After taking in the views from Jordan Pond for a while, Rachael and I took back to the carriage road leading along the pond’s shore. Although the constant gradual incline of the road offered some challenge for our tired legs, we pressed on until we came to the Bubble Mountain trail. There we stopped and discussed the idea of taking to the trail and climbing one of the Bubble Mountains, which left both of us feeling uncertain considering the effort required in our previous day’s journey. Eventually, Rachael gave the final push to commit to the journey, which spurred my motivation and reminded me I have a pretty cool chick in my life. As a result of her decision, the two of us parked our bikes and headed into the woods once more to conquer our second mountain in as many days.


Looking back from the mountain trail

On our way to Peak of South Bubble Mountain we were surrounded by the unending beauty of Acadia, and were lucky enough to come across some unique aspects of the park. After crossing under a bridge built by the Rockefellers, we walked past the north shore of Jordan Pond and climbed the makeshift bridges over the pond’s tributaries. Then we began our ascent up the Bubble Pass, which required a climb of 600 feet in less than four tenths of a mile. The grade of the climb was enough to wear us down in the first 30 minutes of the climb, but neither Rachael nor I were willing to give up on our objective. Our legs burning, we pressed on until we reached the summit of the South Bubble and took in the incredible views from the peak of the mid-range mountain.

The view of the North Bubble from the Peak of the South Bubble

The Peak of the South Bubble

Intimidating... Bubble Rock is the size of a semi truck

The view from the peak

The view of Jordan Pond from the peak

We spent nearly an hour on the mountain top before starting our trek back to the ground. The trip down the slope of the South Bubble was surprisingly short, but made sense given the trail led us down sheer cliffs that made our earlier ascent seem gradual. Once back on the ground, we found our way to our bikes and journeyed back to south shore of Jordan Pond. Following a brief stop to take in the mountains once more, we continued on until we eventually arrived back at our car. With daylight escaping, we packed up our things and headed back to Bar Harbor once more to wrap up another day in this incredible place called Acadia.

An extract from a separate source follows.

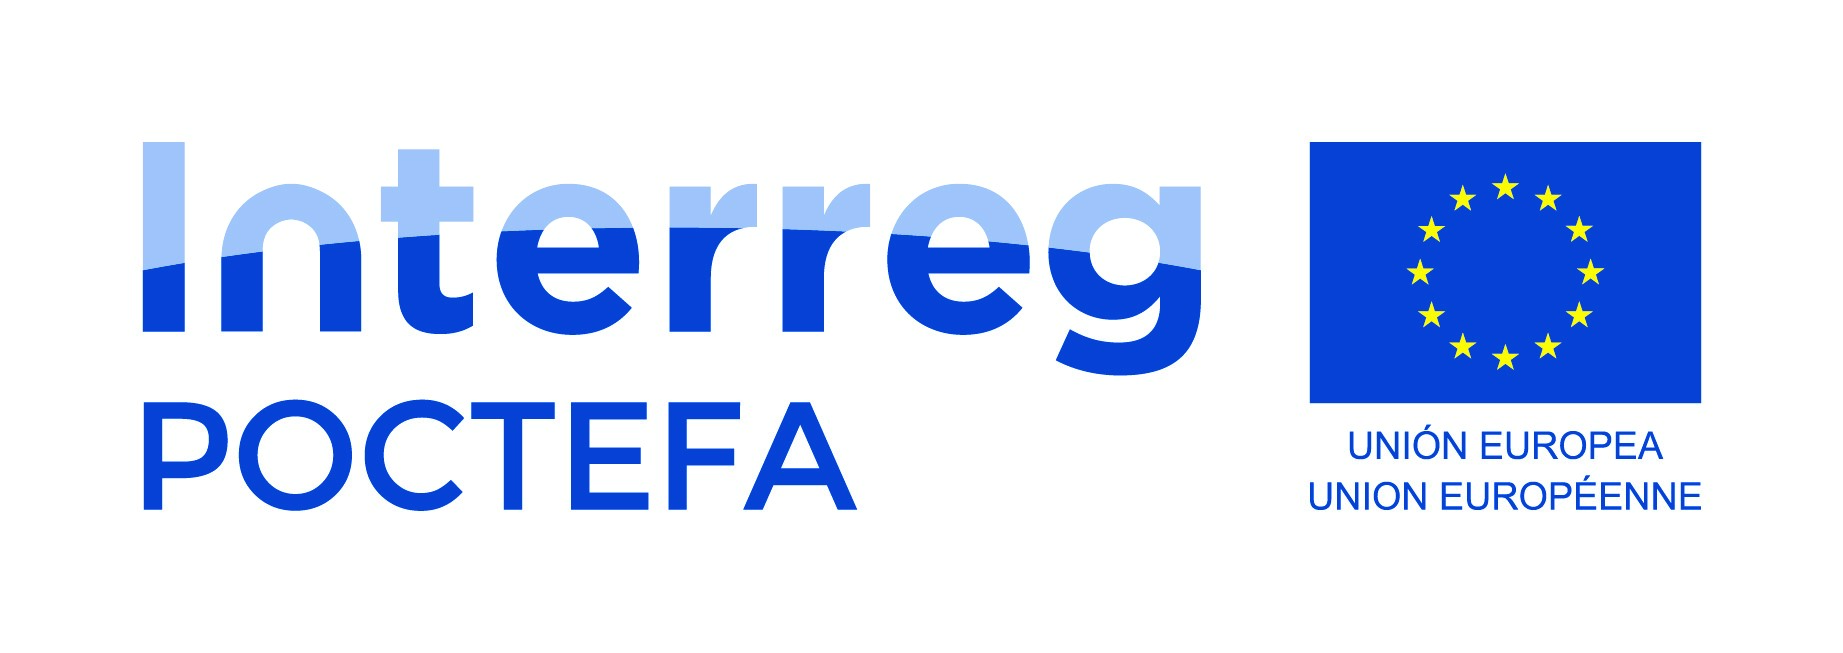 Logo del programa POCTEFA de Interreg
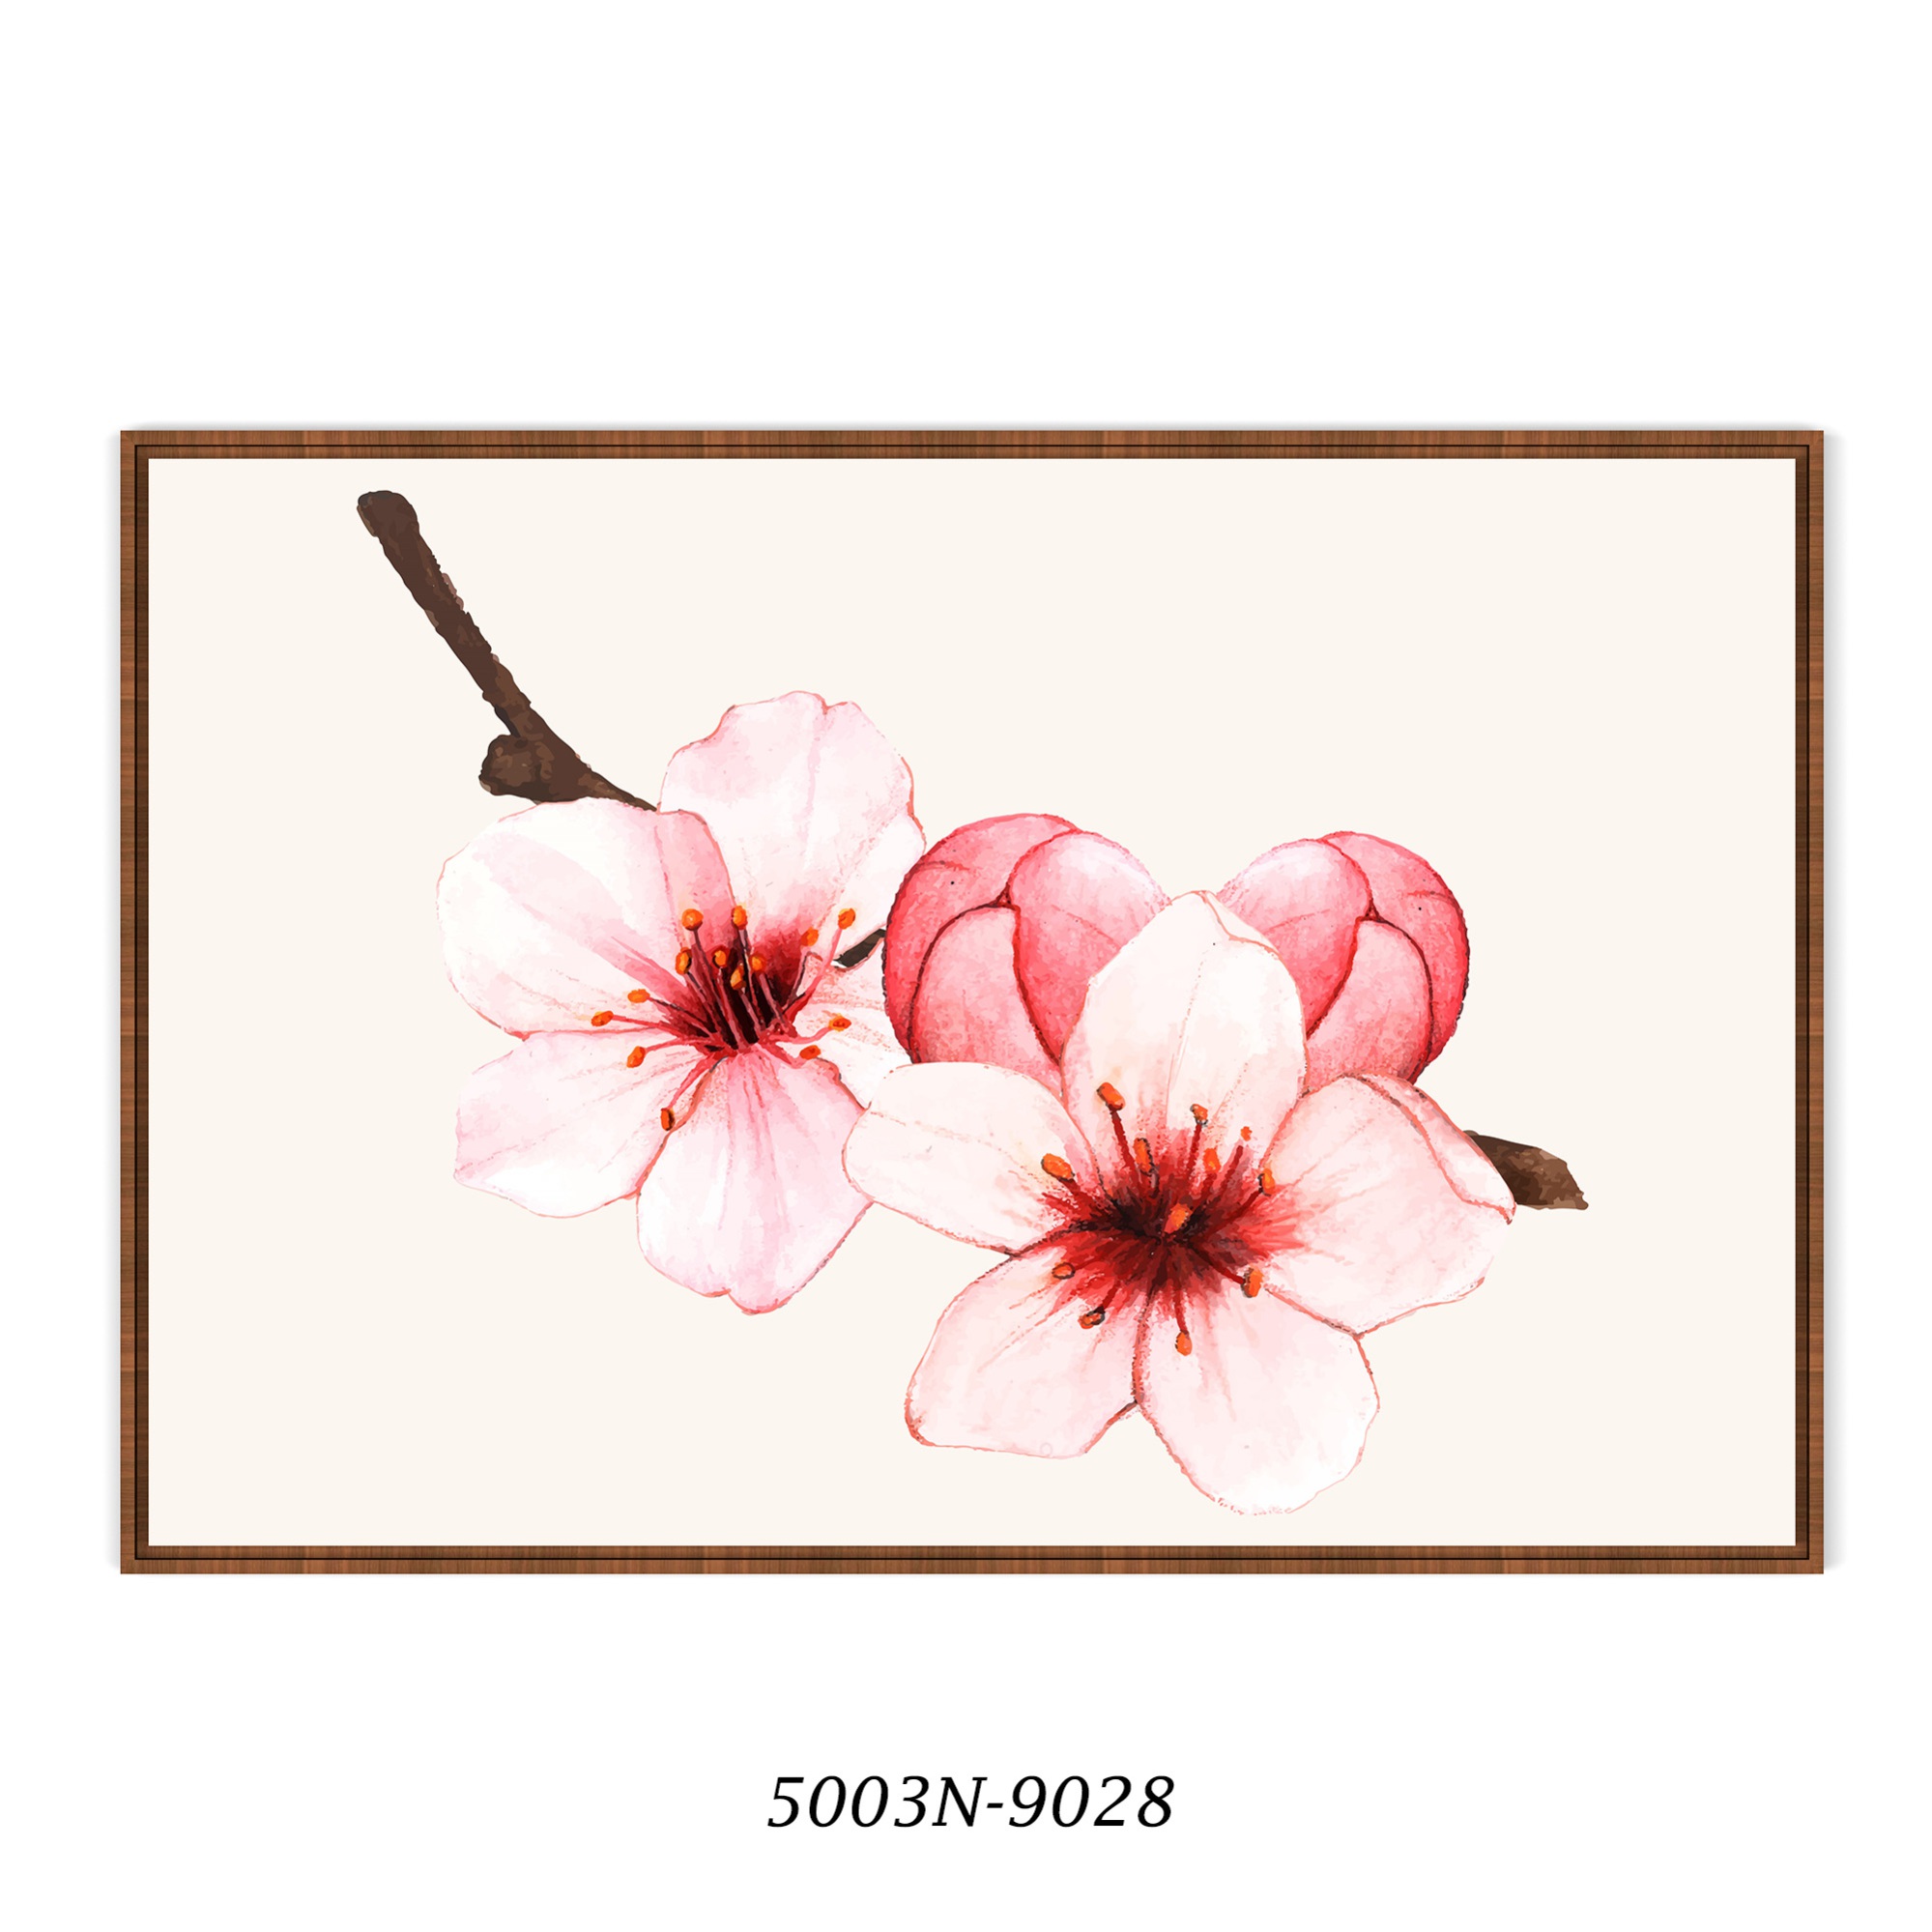 Quadro Decorativo com Imagem de Flor em Tons de Rosa

One last view of the mountains from Jordan Pond


Today was another day of new experiences that left me feeling lucky to have gained so much from the first half of my “I have never...” year. Being as adventurous as Rachael and I have been in the past few days leaves me feeling refreshed and revitalized, even if my body is left stiff and sore. When it is just us and nature I feel truly free, and the ability to see such uniquely amazing landscapes serves only to lift me up. When I put this “I have never...” idea into motion I was hopeful I would find experiences that left me feeling the way I do after today’s experiences. Perhaps that means I’m on to something with my “I have never...” journey, or maybe it just means I’m finally living the life I want to live. Either way, I know for every experience I’ve gained I’ve discovered something about myself, and when that is the case, I can’t help but feel like I’m truly in a good place.